In higher plants, terpenes are biosynthesized via two separate pathways: the cytosol-localized mevalonic acid (MVA) pathway and the methyl-d-erythritol 4-phosphate pathway in plastids (Rohmer et al. 1993; Chappell et al. 1995; Chen et al. 2011). In both pathways, terpene synthases (TPSs) are the key regulatory enzymes during terpenoids biosynthesis (Chappell et al. 1995), TPSs catalyze the divergent reactions that produce kinds of terpenoids in plants. Analysis of the several sequenced and annotated plant genomes indicated that the TPS gene family is a mid-size family, with gene numbers ranging from approximately 20 to 150 (Tholl and Lee 2011; Chen et al. 2011). Under biotic stress, terpene synthase genes in plants could be activated, then released terpene volatiles which repel insects or attract natural enemies against herbivore damage (Van Poecke et al. 2001; Lin et al. 2008).
Tea, C. sinensis (L.) O. Kuntze, originated in China, now is grown in almost 60 countries (Hazarika et al. 2009). Various cultivars of tea plant are grown in southern China and a few provinces in northern China, which constitute one of the major supply sources of tea products worldwide. Tea plant is one perennial woody evergreen plant with a characteristic secondary metabolite, and there are approximately 100 kinds of terpenes in tea secondary metabolites and tea products (Zhang et al. 2000). To our knowledge, most of the tea terpenes are only looked as tea aromas and indexes of tea biochemical quality, few other functions were involved (Cai et al. 2009; Huang et al. 2009), even none terpene synthase gene was isolated from tea plant.
In this paper, we cloned a putative terpene synthase gene for sesquiterpene from C. sinensis (designated as Cstps1) for the first time. The expression pattern of Cstps1 in different organs of tea plant and under insect treatment also investigated. All the results were helpful to understand terpenes biosynthesis pathway in tea plant, the mechanism of induced defense response, and tritrophic interaction among insect tea enemy.
Materials and methods
Plant materials and reagents
Tea plants (Camellia sinensis. cv. Longjing 43) were cultured from seeds in commercially available vermiculite kept in light incubator under controlled conditions (25 °C and 10/14 h light/dark photoperiods) and 85 % relative air humidity. All the harvested organs (roots, stems and leaves were collected from seedlings, flowers were picked from flowering field plants) were immediately frozen in liquid nitrogen and stored at −80 °C until nucleic acid were extracted. Super SMART™ PCR cDNA Synthesis Kit and Advantage® Polymerase Mix were purchased from Clontech Laboratories Inc., USA. QIAquick PCR Purification Kit was purchased from QIAGEN Co., Germany, pGEM-T Easy vector was purchased from Promega Co., USA. Other reagents were obtained from Sigma or Aldrich Chemical Co., USA. Primers were synthesized by Invitrogen Corporation Shanghai Representative Office, China. DNA sequencing was performed by Hangzhou Genomics Institute, China.

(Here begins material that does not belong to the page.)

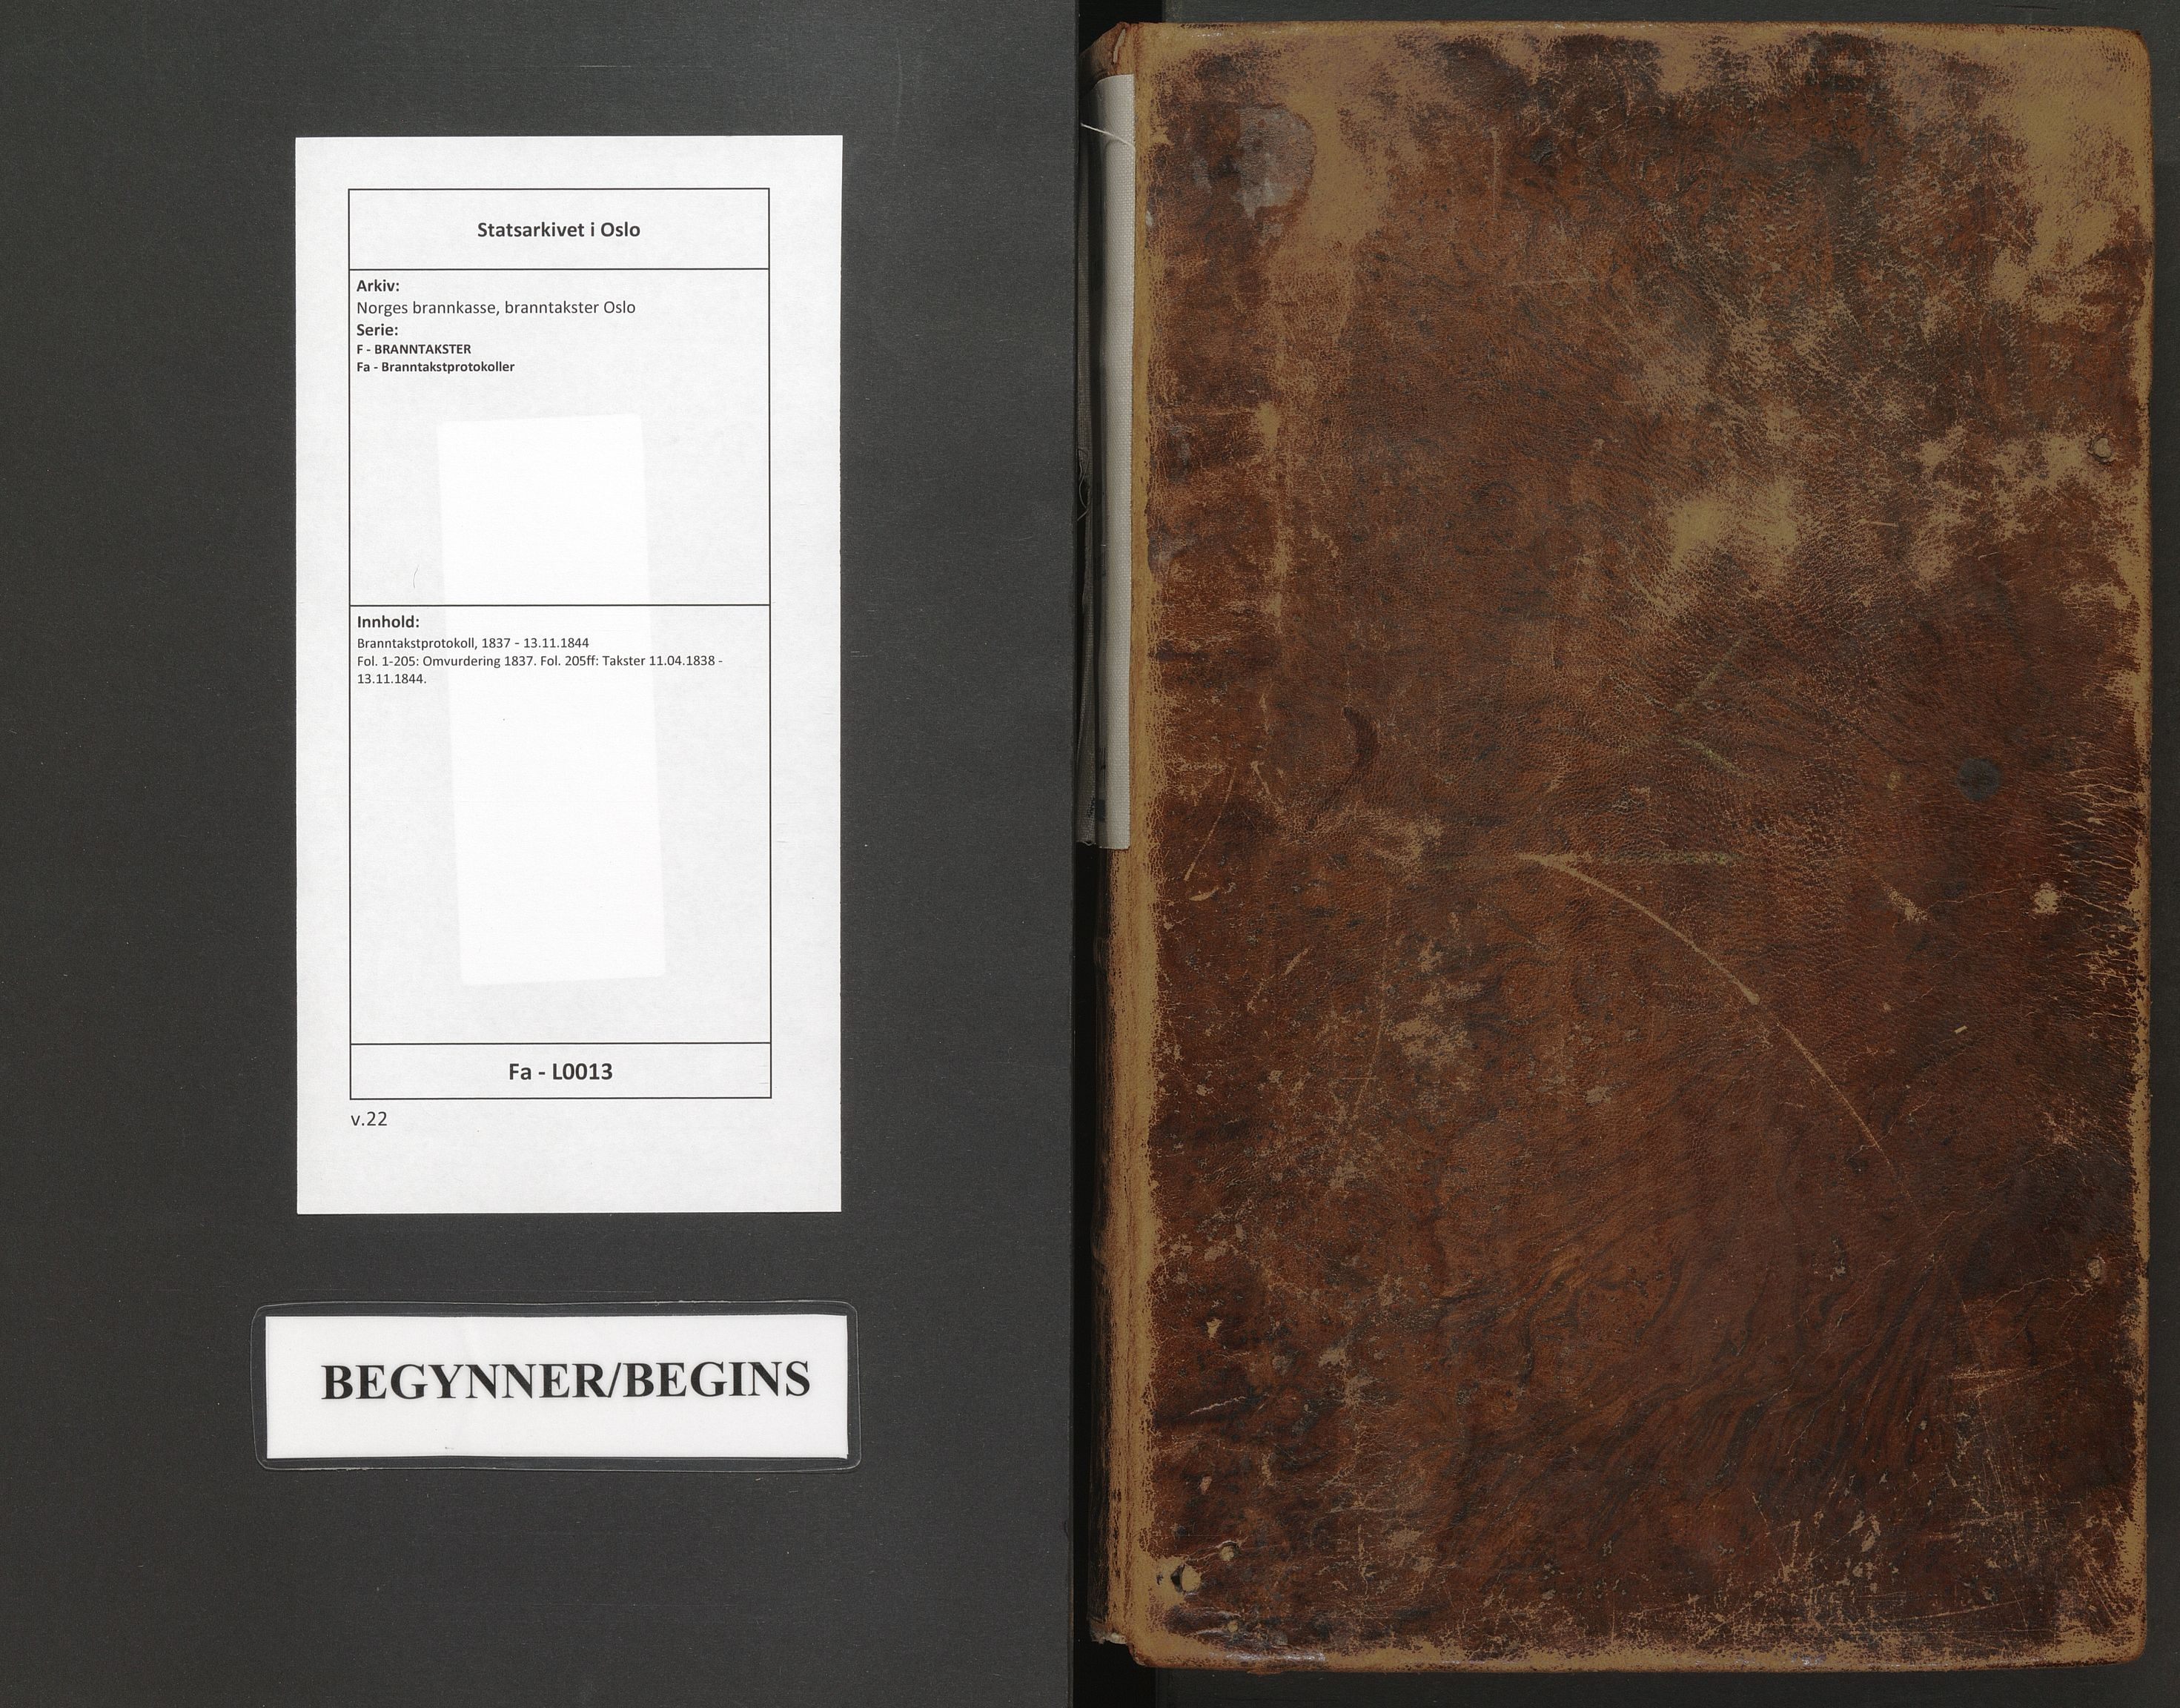 SAO, Norges brannkasse, branntakster Oslo, F/Fa/L0013: Branntakstprotokoll, 1837-1844
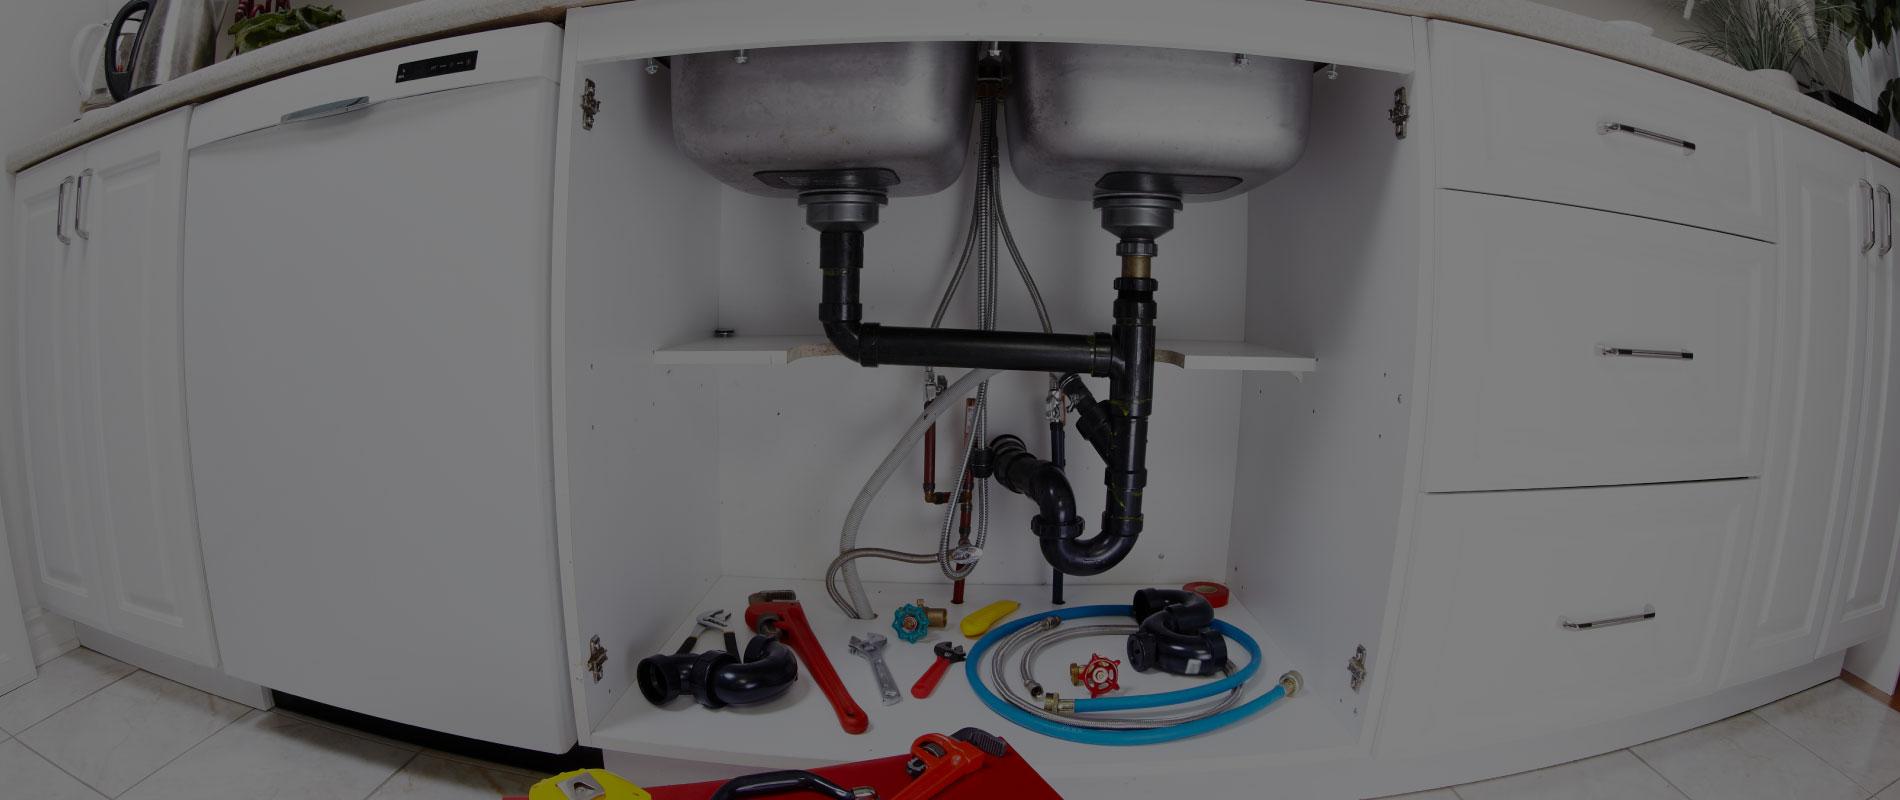 plumbing accidents

Plant treatment and RNA extraction
Tea plant materials were first lysed with TRIzol, then RNA were collected with RNeasy spin column (polysaccharide and polyphenol total RNA isolation kit, BioTeke Corporation, China). Three-week-old seedlings were used for the treatments, intact leaves were used as control. Three-third instar larvae of tea geometrids (Ectropis obliqua hypulina) were starved for 24 h, two or three larvae were placed on the foliage for feeding damage. All the infested leaves were harvested at 6, 12, 24, 48, 72 and 96 h after geometrid removal. The quality and concentration of the all RNA products were checked via NanoDrop spectrophotometer and formaldehyde agarose gel electrophoresis.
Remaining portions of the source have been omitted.